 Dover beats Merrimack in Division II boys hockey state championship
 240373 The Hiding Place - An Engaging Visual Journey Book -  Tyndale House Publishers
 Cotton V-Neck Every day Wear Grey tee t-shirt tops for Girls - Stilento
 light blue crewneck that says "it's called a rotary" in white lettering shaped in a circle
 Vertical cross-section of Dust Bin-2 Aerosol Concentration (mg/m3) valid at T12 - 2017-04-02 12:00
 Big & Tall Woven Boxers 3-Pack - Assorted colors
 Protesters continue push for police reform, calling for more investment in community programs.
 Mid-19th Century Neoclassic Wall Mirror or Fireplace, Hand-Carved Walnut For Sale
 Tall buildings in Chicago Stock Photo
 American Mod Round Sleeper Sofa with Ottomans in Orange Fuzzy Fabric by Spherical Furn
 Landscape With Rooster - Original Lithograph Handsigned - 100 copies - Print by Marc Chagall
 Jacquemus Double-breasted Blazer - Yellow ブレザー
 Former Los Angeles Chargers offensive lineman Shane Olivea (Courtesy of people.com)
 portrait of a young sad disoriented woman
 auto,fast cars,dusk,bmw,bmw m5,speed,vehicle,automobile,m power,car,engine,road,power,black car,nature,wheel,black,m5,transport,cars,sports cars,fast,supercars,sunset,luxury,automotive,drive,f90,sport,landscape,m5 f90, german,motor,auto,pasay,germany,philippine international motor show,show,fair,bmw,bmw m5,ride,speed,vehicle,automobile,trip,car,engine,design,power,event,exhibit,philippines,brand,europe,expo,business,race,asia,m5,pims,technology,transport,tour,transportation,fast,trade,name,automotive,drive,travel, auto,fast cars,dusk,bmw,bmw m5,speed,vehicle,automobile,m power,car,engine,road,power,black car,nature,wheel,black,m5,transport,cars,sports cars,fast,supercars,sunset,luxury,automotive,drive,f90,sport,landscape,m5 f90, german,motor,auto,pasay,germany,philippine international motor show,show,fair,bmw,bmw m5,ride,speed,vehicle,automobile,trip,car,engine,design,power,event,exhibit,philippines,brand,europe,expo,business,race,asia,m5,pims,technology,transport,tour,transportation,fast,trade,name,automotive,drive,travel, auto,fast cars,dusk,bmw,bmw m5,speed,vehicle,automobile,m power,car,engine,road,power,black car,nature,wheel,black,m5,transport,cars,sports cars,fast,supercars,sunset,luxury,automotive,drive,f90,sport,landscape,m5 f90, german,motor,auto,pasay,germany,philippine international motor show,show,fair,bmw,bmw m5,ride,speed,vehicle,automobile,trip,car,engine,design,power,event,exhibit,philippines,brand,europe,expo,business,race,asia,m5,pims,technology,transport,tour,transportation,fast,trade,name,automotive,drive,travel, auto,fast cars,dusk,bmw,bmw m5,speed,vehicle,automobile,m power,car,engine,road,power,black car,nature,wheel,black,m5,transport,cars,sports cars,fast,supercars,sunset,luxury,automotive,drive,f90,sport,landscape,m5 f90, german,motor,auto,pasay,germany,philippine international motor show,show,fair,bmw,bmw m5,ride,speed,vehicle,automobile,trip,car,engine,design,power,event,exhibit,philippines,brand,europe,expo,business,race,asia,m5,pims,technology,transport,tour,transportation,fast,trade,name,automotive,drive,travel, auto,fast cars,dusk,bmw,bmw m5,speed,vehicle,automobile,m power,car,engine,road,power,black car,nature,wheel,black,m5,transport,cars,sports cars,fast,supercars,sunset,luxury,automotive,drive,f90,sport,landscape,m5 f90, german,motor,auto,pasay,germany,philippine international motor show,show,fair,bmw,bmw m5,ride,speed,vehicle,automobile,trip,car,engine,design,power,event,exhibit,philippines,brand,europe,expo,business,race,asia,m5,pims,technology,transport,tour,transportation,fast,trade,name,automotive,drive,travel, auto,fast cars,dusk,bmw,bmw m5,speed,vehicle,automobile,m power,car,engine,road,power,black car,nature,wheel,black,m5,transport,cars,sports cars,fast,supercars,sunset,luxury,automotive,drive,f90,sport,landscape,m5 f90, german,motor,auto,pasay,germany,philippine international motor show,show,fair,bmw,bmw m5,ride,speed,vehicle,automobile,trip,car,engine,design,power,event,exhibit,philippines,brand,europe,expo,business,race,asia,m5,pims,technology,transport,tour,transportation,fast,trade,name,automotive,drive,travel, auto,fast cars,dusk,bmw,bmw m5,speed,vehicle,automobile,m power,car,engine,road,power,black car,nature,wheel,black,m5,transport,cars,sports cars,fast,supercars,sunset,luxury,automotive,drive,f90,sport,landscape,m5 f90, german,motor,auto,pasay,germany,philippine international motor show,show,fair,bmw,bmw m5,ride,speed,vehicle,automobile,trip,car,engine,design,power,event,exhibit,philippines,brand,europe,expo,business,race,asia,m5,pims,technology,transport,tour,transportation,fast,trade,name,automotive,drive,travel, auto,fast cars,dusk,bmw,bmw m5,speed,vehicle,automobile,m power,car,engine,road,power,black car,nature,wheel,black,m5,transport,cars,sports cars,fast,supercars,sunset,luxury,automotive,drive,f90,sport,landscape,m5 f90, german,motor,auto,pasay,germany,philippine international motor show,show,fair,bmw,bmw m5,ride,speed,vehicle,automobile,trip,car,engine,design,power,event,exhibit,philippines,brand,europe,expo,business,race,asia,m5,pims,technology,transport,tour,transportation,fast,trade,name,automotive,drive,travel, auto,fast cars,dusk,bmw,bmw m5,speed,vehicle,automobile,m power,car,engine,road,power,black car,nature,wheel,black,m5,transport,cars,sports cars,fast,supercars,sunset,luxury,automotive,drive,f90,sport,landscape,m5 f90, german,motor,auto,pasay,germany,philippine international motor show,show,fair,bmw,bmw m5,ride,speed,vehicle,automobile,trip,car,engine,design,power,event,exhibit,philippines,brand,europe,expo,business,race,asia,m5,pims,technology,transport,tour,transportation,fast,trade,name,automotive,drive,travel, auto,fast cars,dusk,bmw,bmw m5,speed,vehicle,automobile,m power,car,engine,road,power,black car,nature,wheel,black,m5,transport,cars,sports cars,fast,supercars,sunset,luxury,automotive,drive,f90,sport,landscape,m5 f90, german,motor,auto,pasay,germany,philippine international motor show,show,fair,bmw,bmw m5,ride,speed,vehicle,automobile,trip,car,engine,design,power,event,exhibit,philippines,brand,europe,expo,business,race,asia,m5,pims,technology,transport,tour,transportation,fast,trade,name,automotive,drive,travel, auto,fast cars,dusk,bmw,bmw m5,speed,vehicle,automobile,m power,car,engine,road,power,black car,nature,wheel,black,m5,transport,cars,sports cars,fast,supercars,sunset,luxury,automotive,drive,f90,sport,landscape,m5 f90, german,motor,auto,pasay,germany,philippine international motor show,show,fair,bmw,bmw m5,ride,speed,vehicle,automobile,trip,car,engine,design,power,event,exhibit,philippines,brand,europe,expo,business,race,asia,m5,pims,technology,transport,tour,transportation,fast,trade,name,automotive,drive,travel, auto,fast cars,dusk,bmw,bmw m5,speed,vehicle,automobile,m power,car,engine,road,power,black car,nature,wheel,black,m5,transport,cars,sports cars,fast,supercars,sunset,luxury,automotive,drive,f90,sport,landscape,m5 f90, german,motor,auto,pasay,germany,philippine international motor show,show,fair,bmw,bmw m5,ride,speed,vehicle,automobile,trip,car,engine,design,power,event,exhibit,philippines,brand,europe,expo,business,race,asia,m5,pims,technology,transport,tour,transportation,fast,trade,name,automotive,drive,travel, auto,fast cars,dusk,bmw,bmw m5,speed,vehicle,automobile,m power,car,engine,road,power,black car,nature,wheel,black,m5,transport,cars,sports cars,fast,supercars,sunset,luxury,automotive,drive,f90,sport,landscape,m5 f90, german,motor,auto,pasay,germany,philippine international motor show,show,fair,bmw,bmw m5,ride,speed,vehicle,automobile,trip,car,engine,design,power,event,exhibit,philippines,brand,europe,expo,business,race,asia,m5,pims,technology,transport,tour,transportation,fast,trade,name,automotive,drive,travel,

□ □ □ □ □

Using the material above, quote the first line and each line after it, stopping at and including the line that holds "portrait of a young sad disoriented woman".

 Dover beats Merrimack in Division II boys hockey state championship
 240373 The Hiding Place - An Engaging Visual Journey Book -  Tyndale House Publishers
 Cotton V-Neck Every day Wear Grey tee t-shirt tops for Girls - Stilento
 light blue crewneck that says "it's called a rotary" in white lettering shaped in a circle
 Vertical cross-section of Dust Bin-2 Aerosol Concentration (mg/m3) valid at T12 - 2017-04-02 12:00
 Big & Tall Woven Boxers 3-Pack - Assorted colors
 Protesters continue push for police reform, calling for more investment in community programs.
 Mid-19th Century Neoclassic Wall Mirror or Fireplace, Hand-Carved Walnut For Sale
 Tall buildings in Chicago Stock Photo
 American Mod Round Sleeper Sofa with Ottomans in Orange Fuzzy Fabric by Spherical Furn
 Landscape With Rooster - Original Lithograph Handsigned - 100 copies - Print by Marc Chagall
 Jacquemus Double-breasted Blazer - Yellow ブレザー
 Former Los Angeles Chargers offensive lineman Shane Olivea (Courtesy of people.com)
 portrait of a young sad disoriented woman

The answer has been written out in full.